Load Data Using the file:// Protocol

The file:// protocol is a SynxDB protocol that allows you to load data from a local segment host server file or a coordinator host file into SynxDB.

The file:// protocol is used in a URI that specifies the location of an operating system file. External tables that you create that specify the file:// protocol are read-only tables.

The URI includes the host name, port, and path to the file. By default, each file must locate on a segment host in a location accessible by the SynxDB superuser (gpadmin). The host name used in the URI must match a segment host name registered in the gp_segment_configuration system catalog table. In addition, you can also load files from the coordinator host using the ON COORDINATOR clause.

The LOCATION clause can have multiple URIs, as shown in Usage examples.

The number of URIs you specify in the LOCATION clause is the number of segment instances that will work in parallel to access the external table. For each URI, SynxDB assigns a primary segment on the specified host to the file. For maximum parallelism when loading data, divide the data into as many equally sized files as you have primary segments. This ensures that all segments participate in the load.

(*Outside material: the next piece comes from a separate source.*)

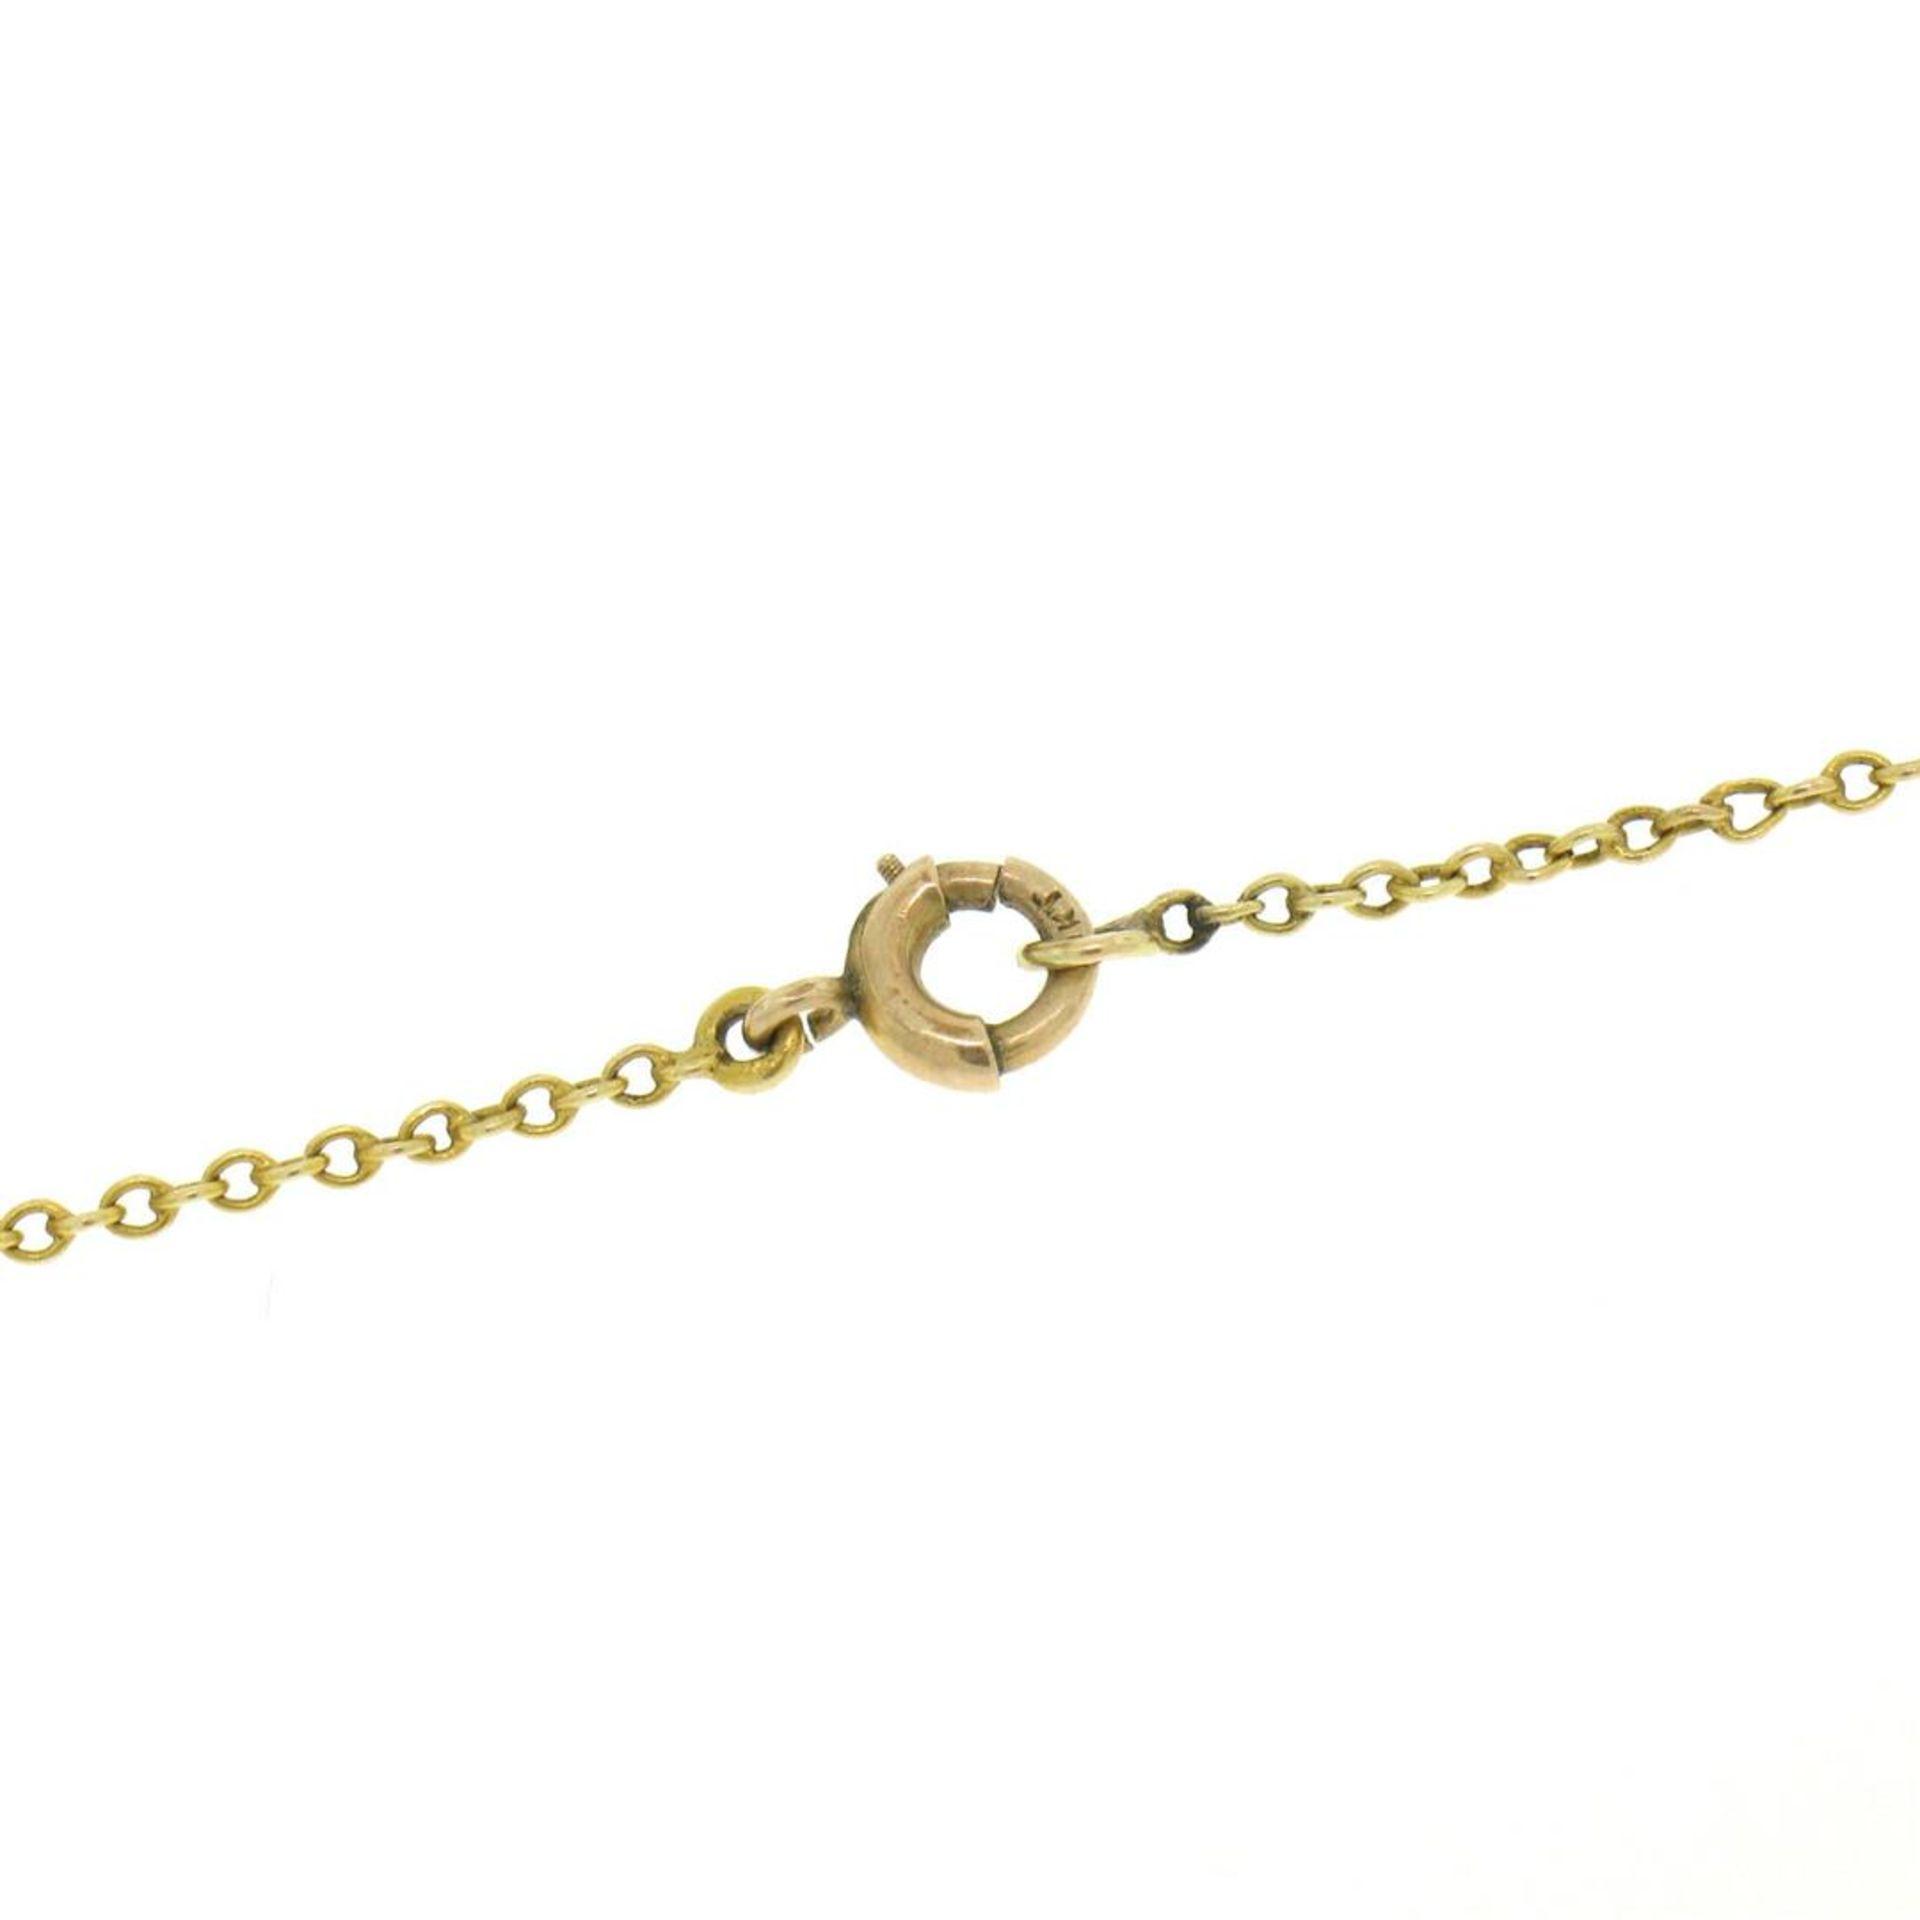 14k Gold Cushion Mine Cut Diamond Lavalier Pendant - Image 6 of 7

The number of external files per segment host cannot exceed the number of primary segment instances on that host. For example, if your array has 4 primary segment instances per segment host, you can place 4 external files on each segment host. Tables based on the file:// protocol can only be readable tables.

The system view pg_max_external_files shows how many external table files are permitted per external table. This view lists the available file slots per segment host when using the file:// protocol. The view is only applicable for the file:// protocol. For example:

SELECT * FROM pg_max_external_files;

Usage examples

Load multiple files in CSV format with header rows:

Creates a readable external table, ext_expenses, using the file protocol. The files are CSV format and have a header row.

=# CREATE EXTERNAL TABLE ext_expenses ( name text,
   date date,  amount float4, category text, desc1 text )
   LOCATION ('file://filehost/data/international/*',
             'file://filehost/data/regional/*',
             'file://filehost/data/supplement/*.csv')
   FORMAT 'CSV' (HEADER);
=# CREATE EXTERNAL TABLE ext_expenses (
   name text, date date, amount float4, category text, desc1 text )
   LOCATION ('file://host1:5432/data/expense/*.csv',
               'file://host2:5432/data/expense/*.csv',
               'file://host3:5432/data/expense/*.csv')
   FORMAT 'CSV' (HEADER);

Load files from the coordinator host

You can use the ON COORDINATOR clause to load files from the coordinator host. This is useful for files that only exist on the coordinator node. When using ON COORDINATOR, all data is loaded through the coordinator node, which is a single-process operation.

Create a readable external table ext_nation_on_coordinator to load data from the coordinator node:

CREATE EXTERNAL TABLE ext_nation_on_coordinator (
    N_NATIONKEY  INTEGER,
    N_NAME       CHAR(25),
    N_REGIONKEY  INTEGER,
    N_COMMENT    VARCHAR(152)
)
LOCATION ('file://coordinator-host/data/nation.tbl')
ON COORDINATOR
FORMAT 'text' (delimiter '|');

Query the table and check the gp_segment_id to see that the data is loaded by the coordinator (with an ID of -1):

SELECT gp_segment_id, * FROM ext_nation_on_coordinator ORDER BY N_NATIONKEY DESC LIMIT 5;

The query result shows that gp_segment_id is -1, indicating that the data comes from the coordinator node:

gp_segment_id | n_nationkey |          n_name           | n_regionkey |                                                   n_comment
---------------+-------------+---------------------------+-------------+----------------------------------------------------------------------------------------------------------------
            -1 |          24 | UNITED STATES             |           1 | y final packages. slow foxes cajole quickly. quickly silent platelets breach ironic accounts. unusual pinto be
            -1 |          23 | UNITED KINGDOM            |           3 | eans boost carefully special requests. accounts are. carefull
            -1 |          22 | RUSSIA                    |           3 |  requests against the platelets use never according to the quickly regular pint
            -1 |          21 | VIETNAM                   |           2 | hely enticingly express accounts. even, final
            -1 |          20 | SAUDI ARABIA              |           4 | ts. silent requests haggle. closely express packages sleep across the blithely
(5 rows)